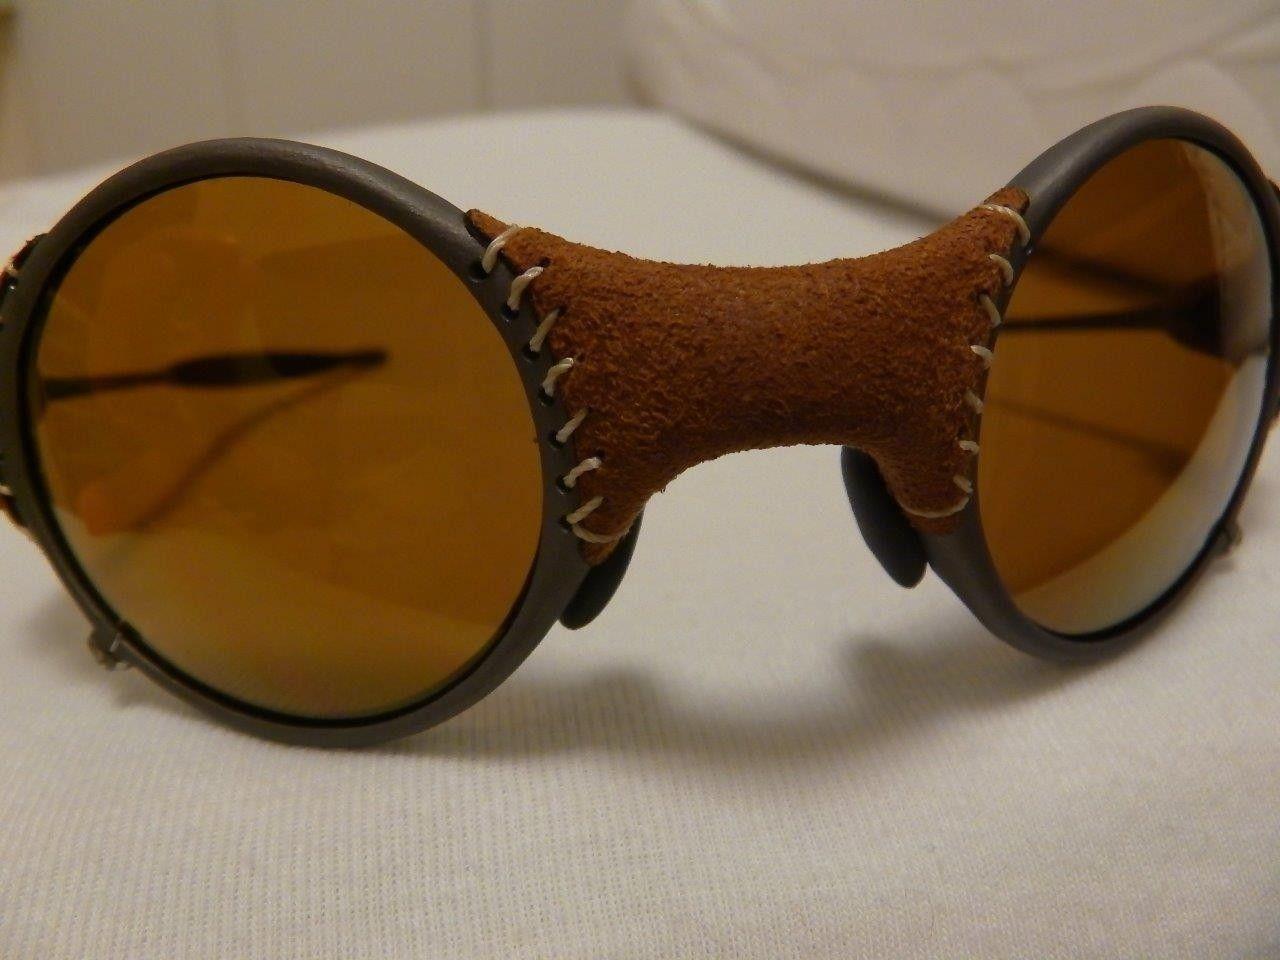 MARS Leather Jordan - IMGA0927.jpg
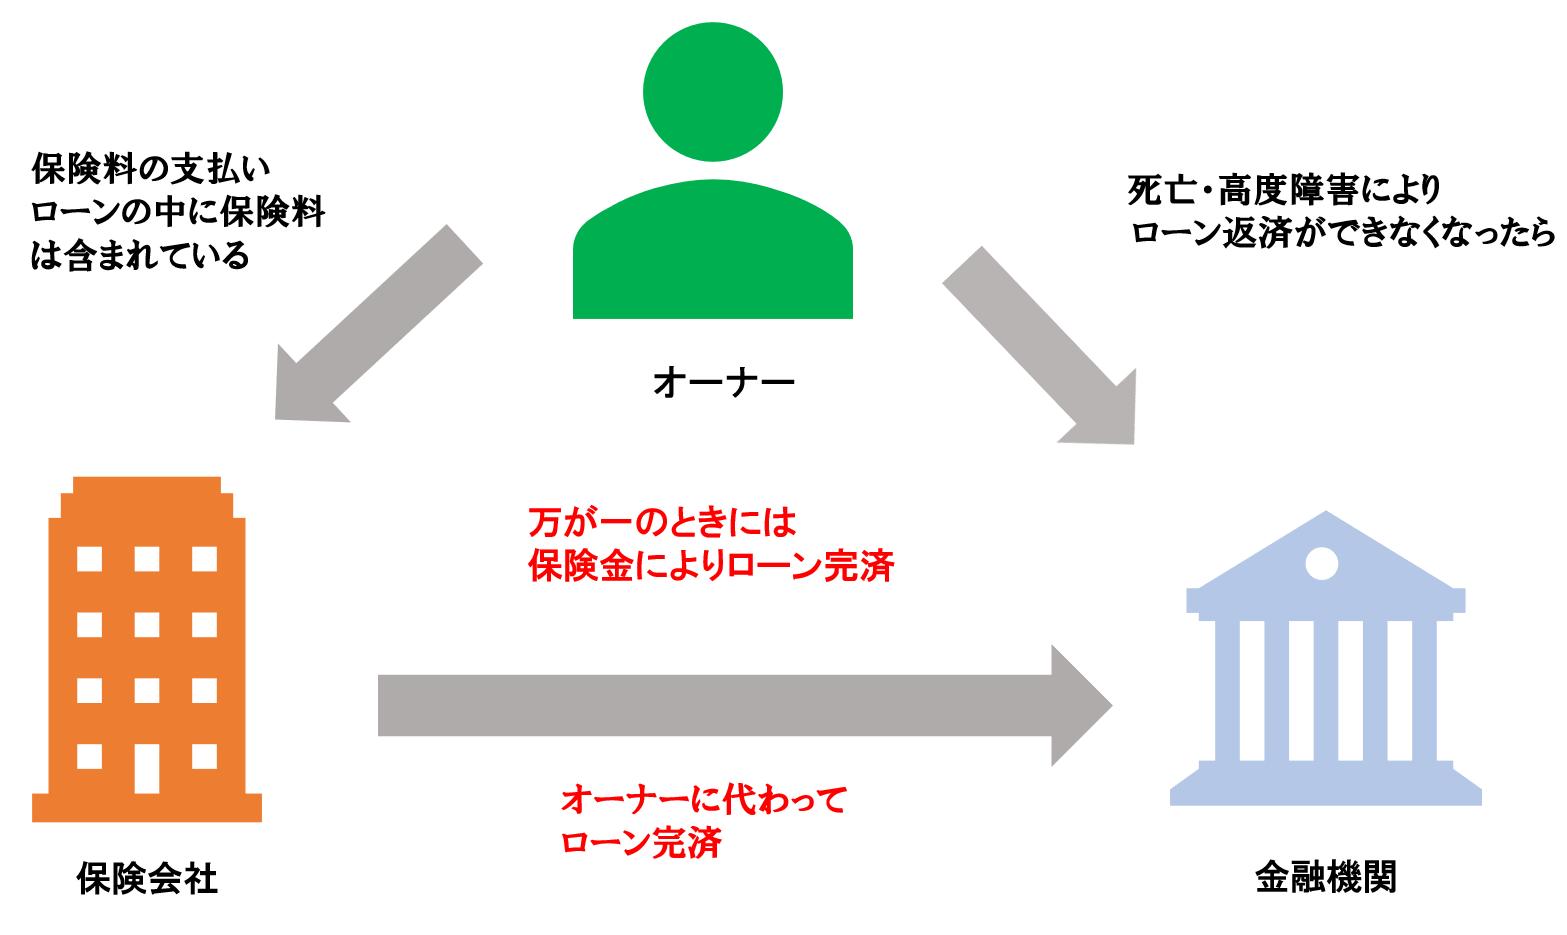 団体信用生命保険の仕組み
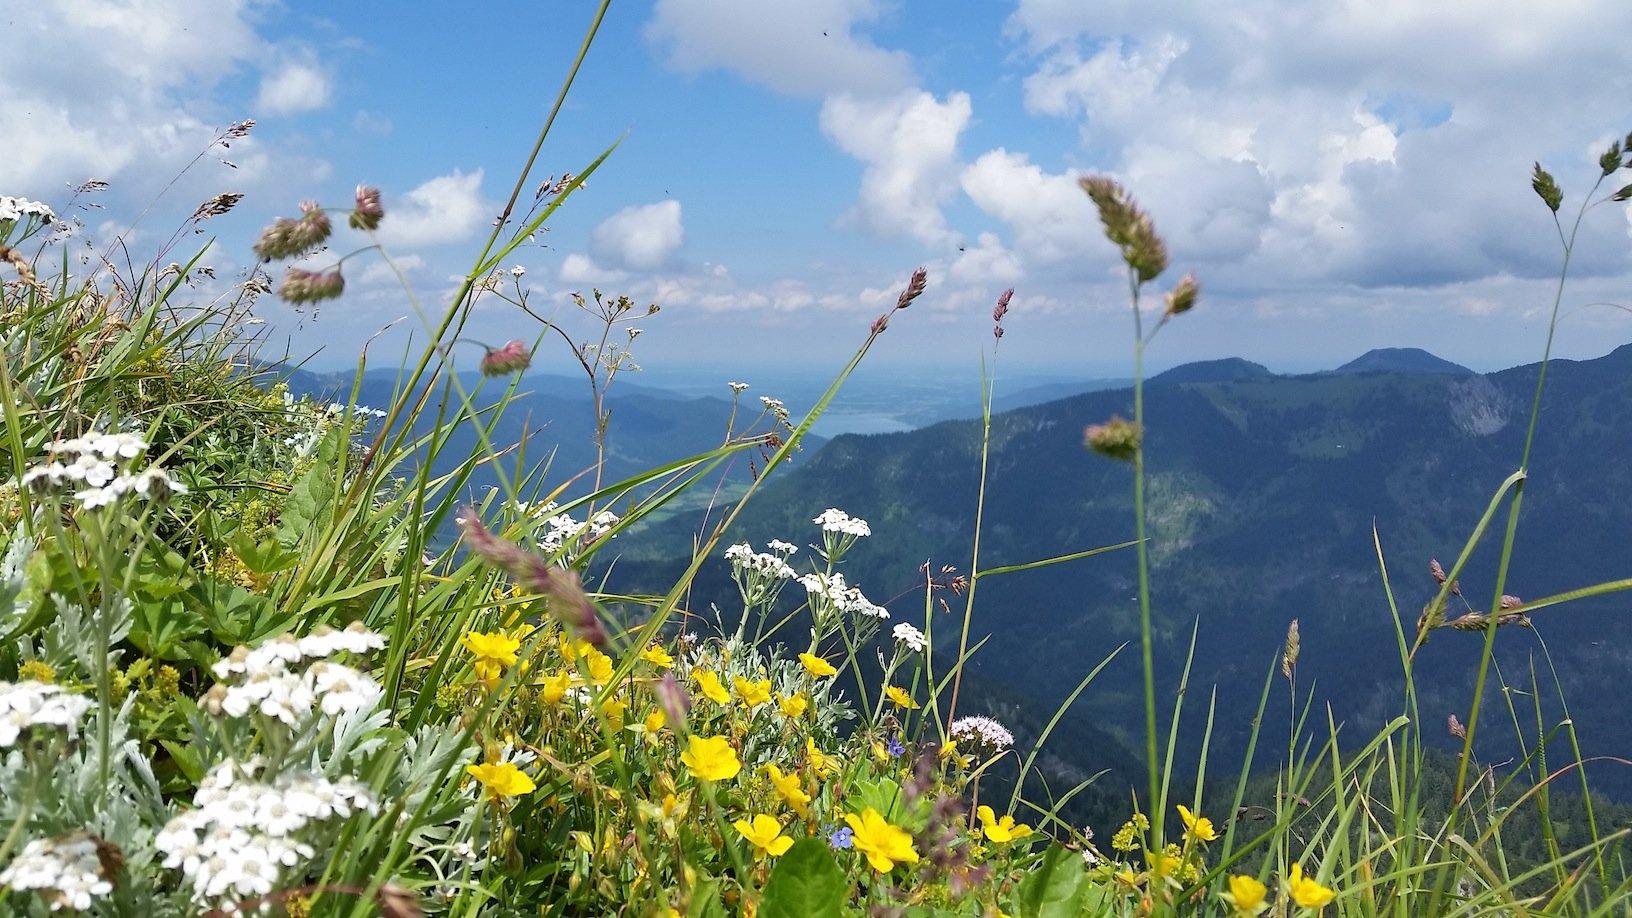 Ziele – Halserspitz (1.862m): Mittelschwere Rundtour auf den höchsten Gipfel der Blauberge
* * *
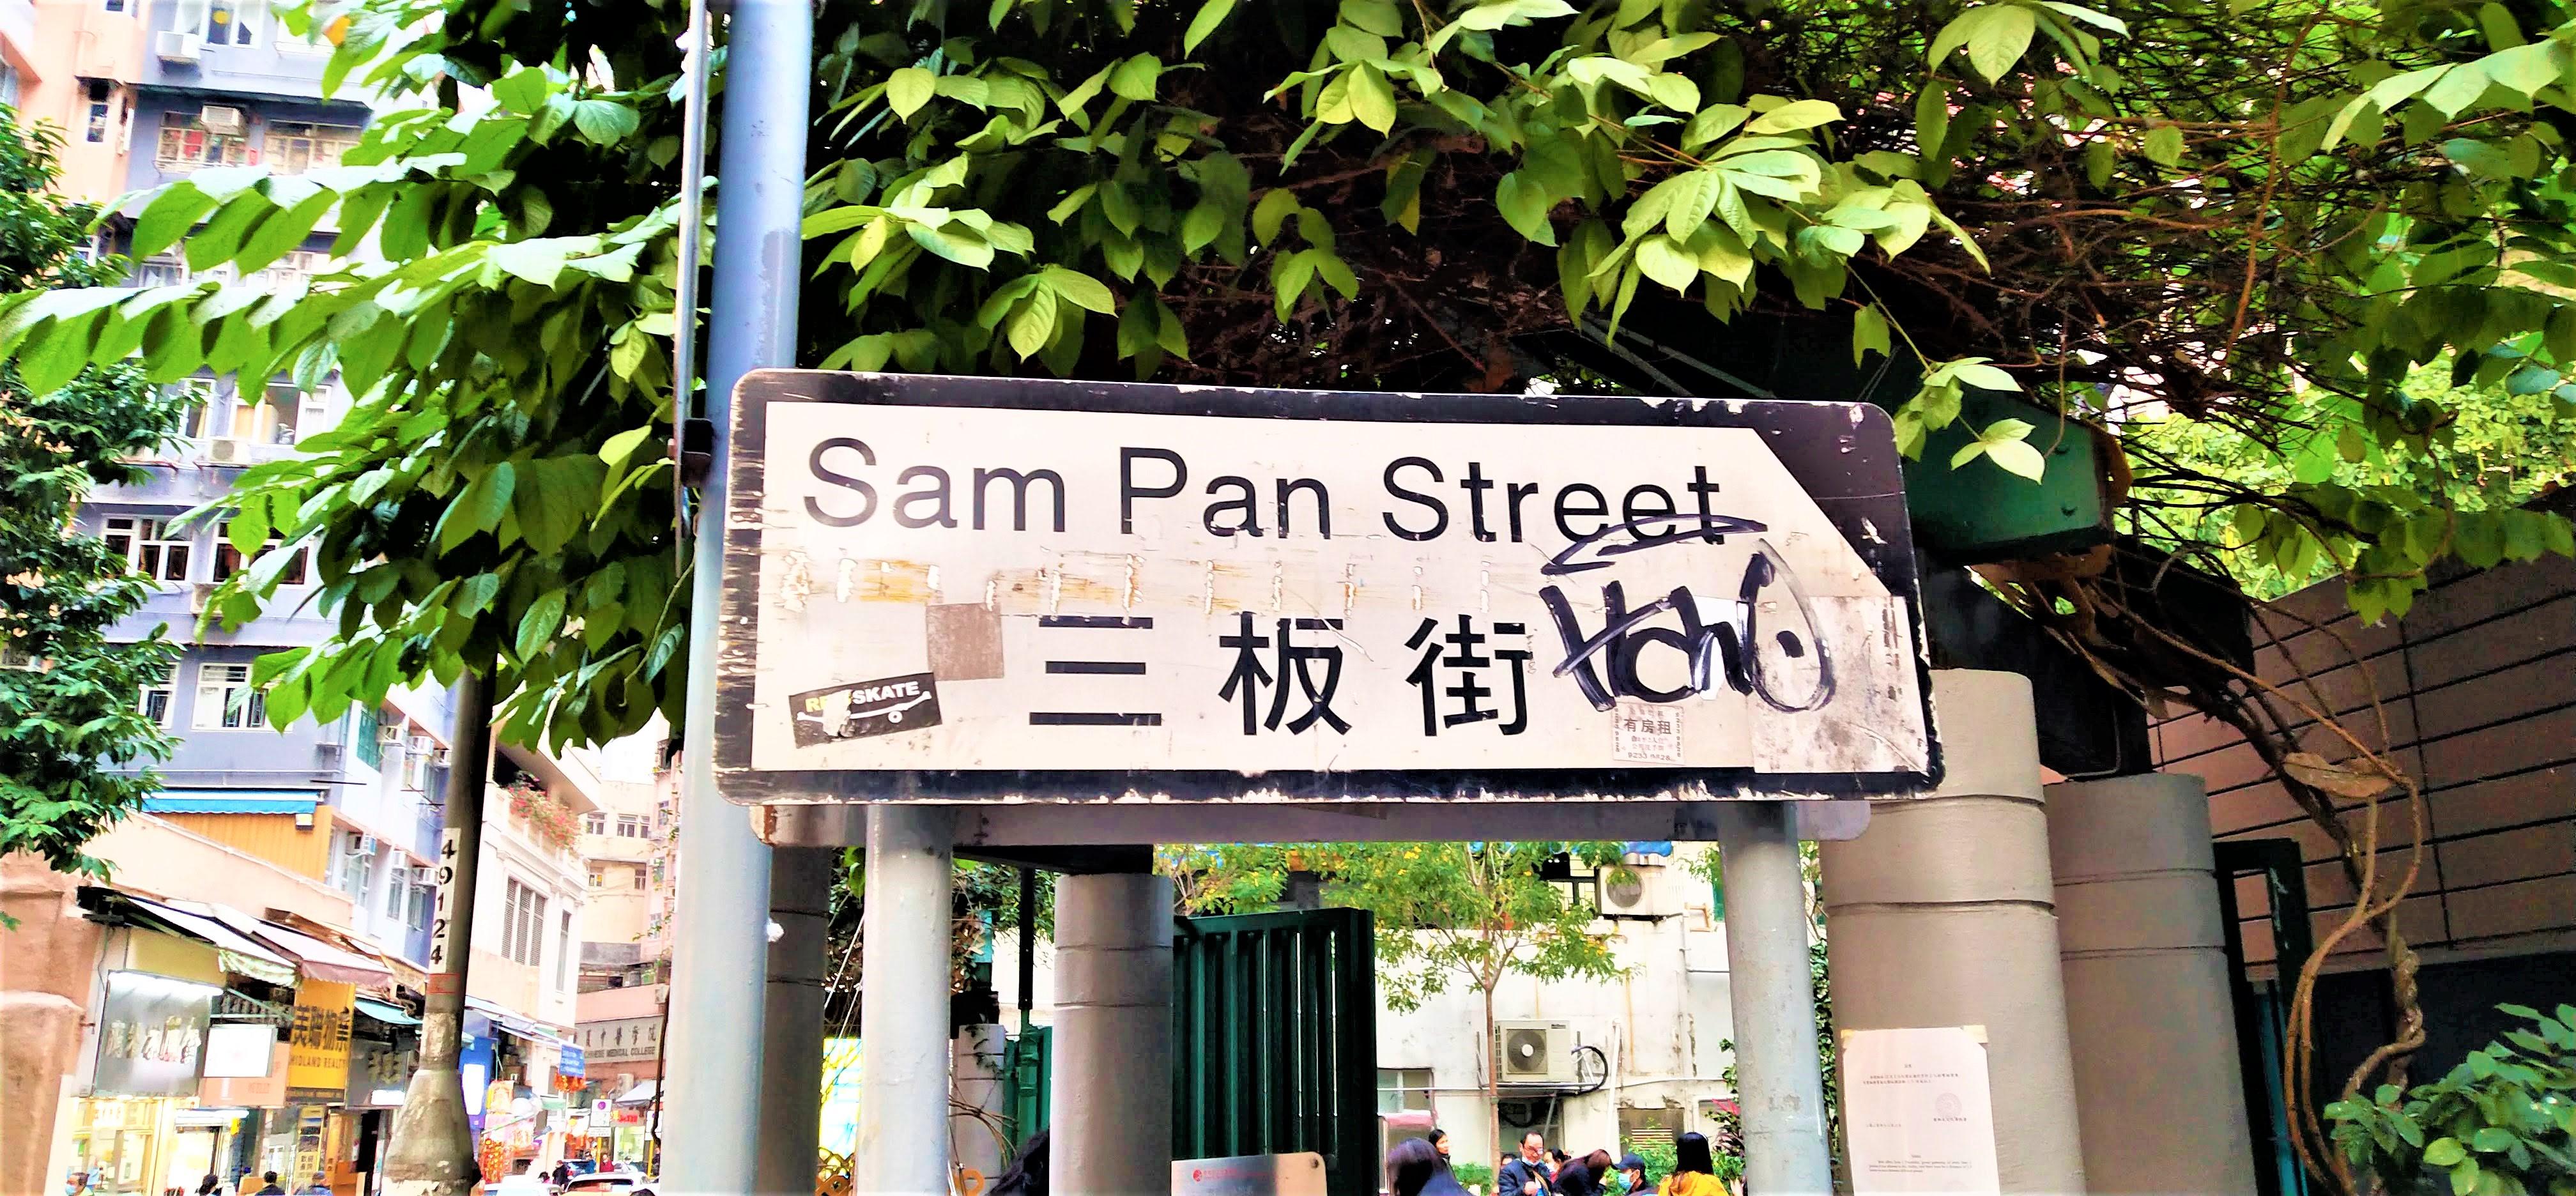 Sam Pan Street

ASSIGNMENT:
Please output the lines above beginning at the line with "団体信用生命保険の仕組み" and ending after the line with "Ziele – Halserspitz", precisely as written and with no pictures.

RESULT FOR THIS TASK:
 団体信用生命保険の仕組み
 Ziele – Halserspitz (1.862m): Mittelschwere Rundtour auf den höchsten Gipfel der Blauberge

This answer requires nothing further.